Taurus had the contractual relation, and thus could sue, though because it is in bankruptcy and has been liquidated the suit is really on behalf of the creditors; anything that reduces the liquidation value of the corporation hurts them. That doesn’t make the suit an impermissible end run around Indiana’s limitation of creditor (or shareholder) suits against auditors. Realistically, a corporation is a conduit for its stakeholders, but that does not affect the corporation’s legal rights. Suppose Taurus were solvent, yet still had been injured by the auditor’s alleged negligence.
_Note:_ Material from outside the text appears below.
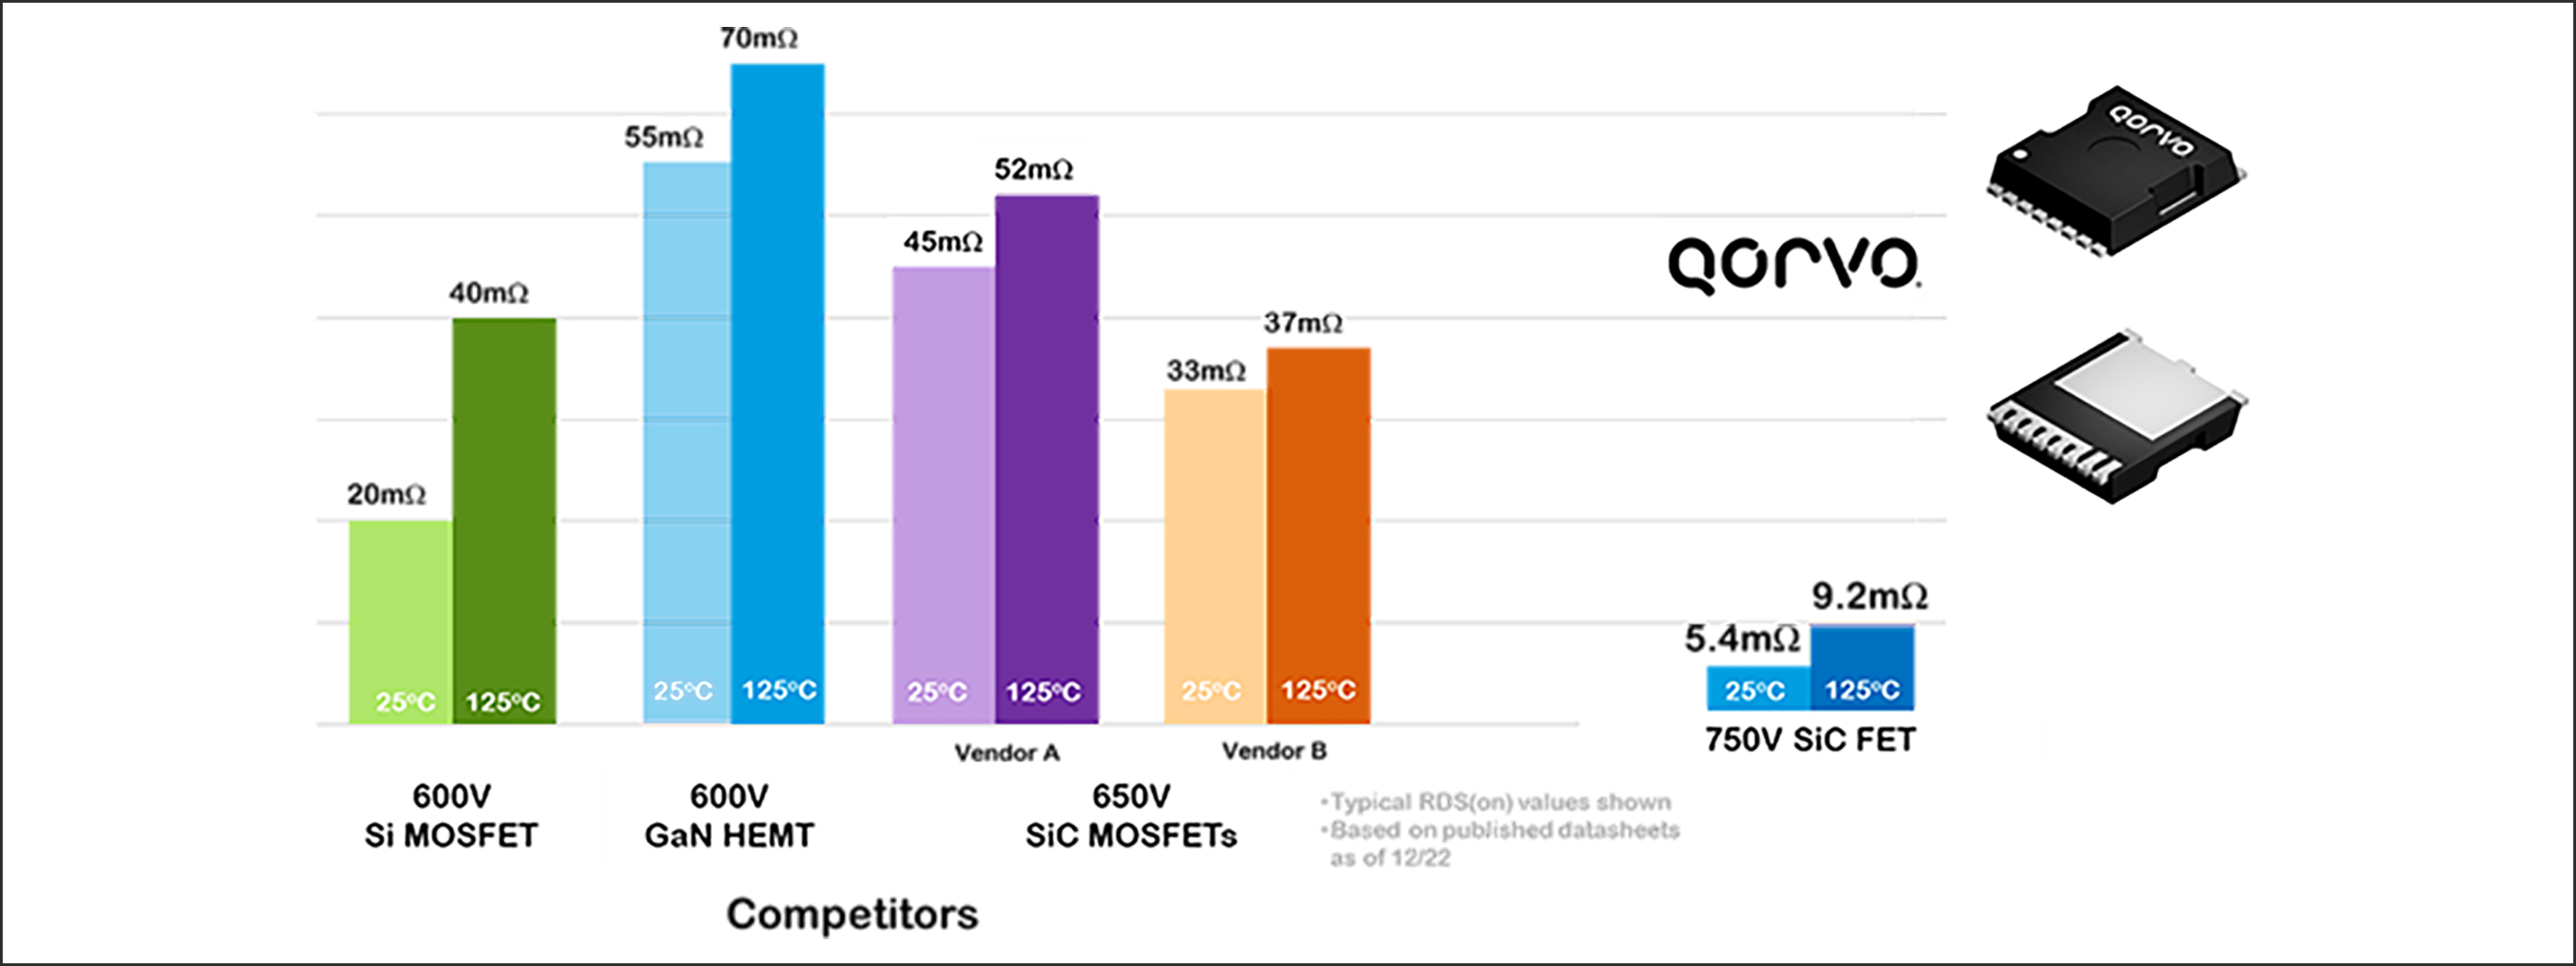 図1. 600V以上の低オン抵抗FETにおける表面実装型TOLLパッケージの各社比較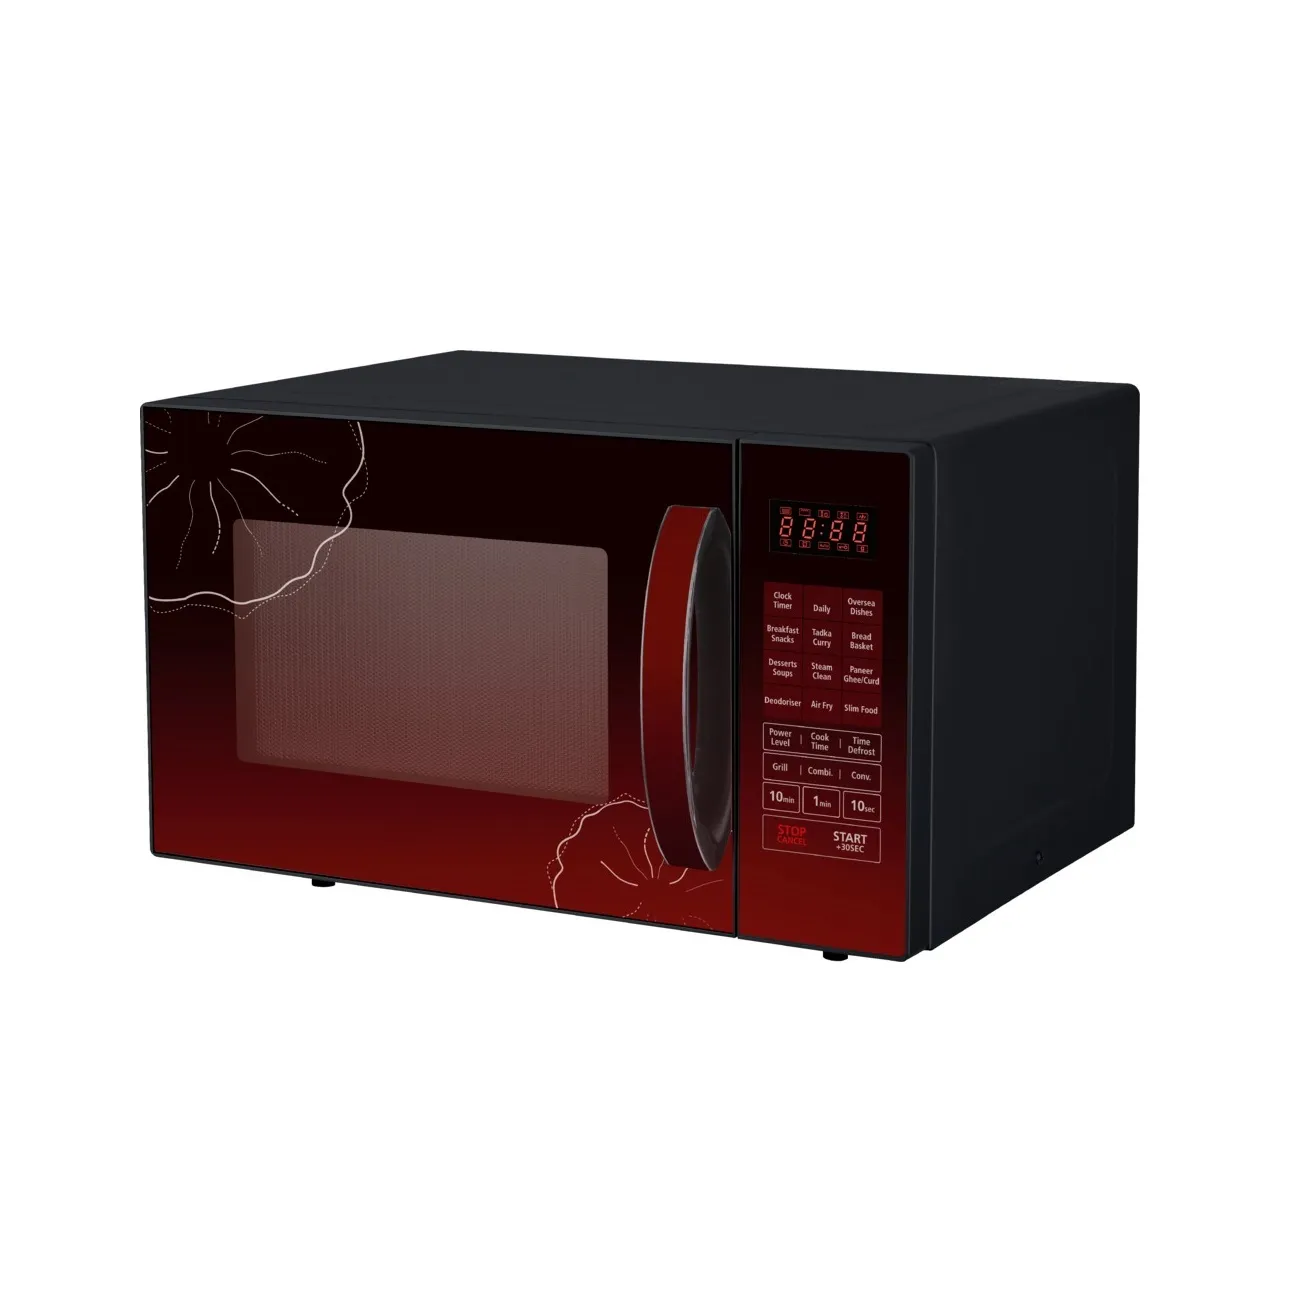 DW 530 AF Air Fryer Microwave Oven

The ultimate beneficiaries of the suit would be Taurus’s shareholders, but no one would suppose this anomalous even though the shareholders themselves — the stakeholders in this example — could not have sued the auditor. Remember that under Indiana law (or what we have assumed to be Indiana law), Ernst & Young has no duty of care to the creditors. But it does of course have such a duty to its client, Taurus, and that duty, on which this suit is founded, does not evaporate just because the client is bankrupt and any benefits from suing will accrue to its creditors.

The trustee’s claim fails nevertheless, but fails on the facts, though not because Taurus survived for more than a *910year (in fact three years) after the audit period. A going-concern qualification is just a prediction; if it should have been included in the audit report and harm resulted as a foreseeable consequence of its omission, the auditor is liable to the firm audited for that harm. Johnson Bank v. George Korbakes & Co., supra, 472 F.3d at 443; see Ziemba v. Cascade Int’l Inc., 256 F.3d 1194, 1208-11 (11th Cir.2001). Such cases are rare because it is unusual for the audited firm to be able to make a plausible contention that it could not have been expected to recognize its financial peril on its own even though it supplied the financial information on which the audit was based. Devaney v. Chester, No. 83 CIV. 8455, 1989 WL 52375 (S.D.N.Y. May 10, 1989). The purpose of an audit report is to make sure the audited company’s financial statements- — which are prepared by the company, not by the auditor, Jay M. Feinman, “Liability of Accountants for Negligent Auditing: Doctrine, Policy, and Ideology,” 31 Fla. St. U.L. Rev. 17, 21-22 (2003)— correspond to reality, lest they either have been doctored by a defalcating employee or innocently misrepresent the company’s financial situation. The auditor is therefore required “to state whether, in his opinion, the financial statements are presented in conformity with generally accepted accounting, principles and to identify those circumstances in which such principles have not been consistently observed in the preparation of the financial statements of the current period in relation to those of the preceding period.” American Institute of Certified Public Accountants, “Responsibilities and Functions of the Independent Auditor,” in Codification of Statements on Accounting Standards, § 110.01 (2007); see Bily v. Arthur Young & Co., 3 Cal.4th 370, 11 Cal.Rptr.2d 51, 834 P.2d 745 (1992). There is no contention that Ernst & Young failed to notice discrepancies between the statements and the company’s actual financial situation. There were no discrepancies. And no information that the report contained or should have contained if the audit was carefully done indicated that Taurus couldn’t limp through another year — the report revealed positive though slight net income in the most recent fiscal year and no obligations that would mature in the next year and by doing so might drive the firm under.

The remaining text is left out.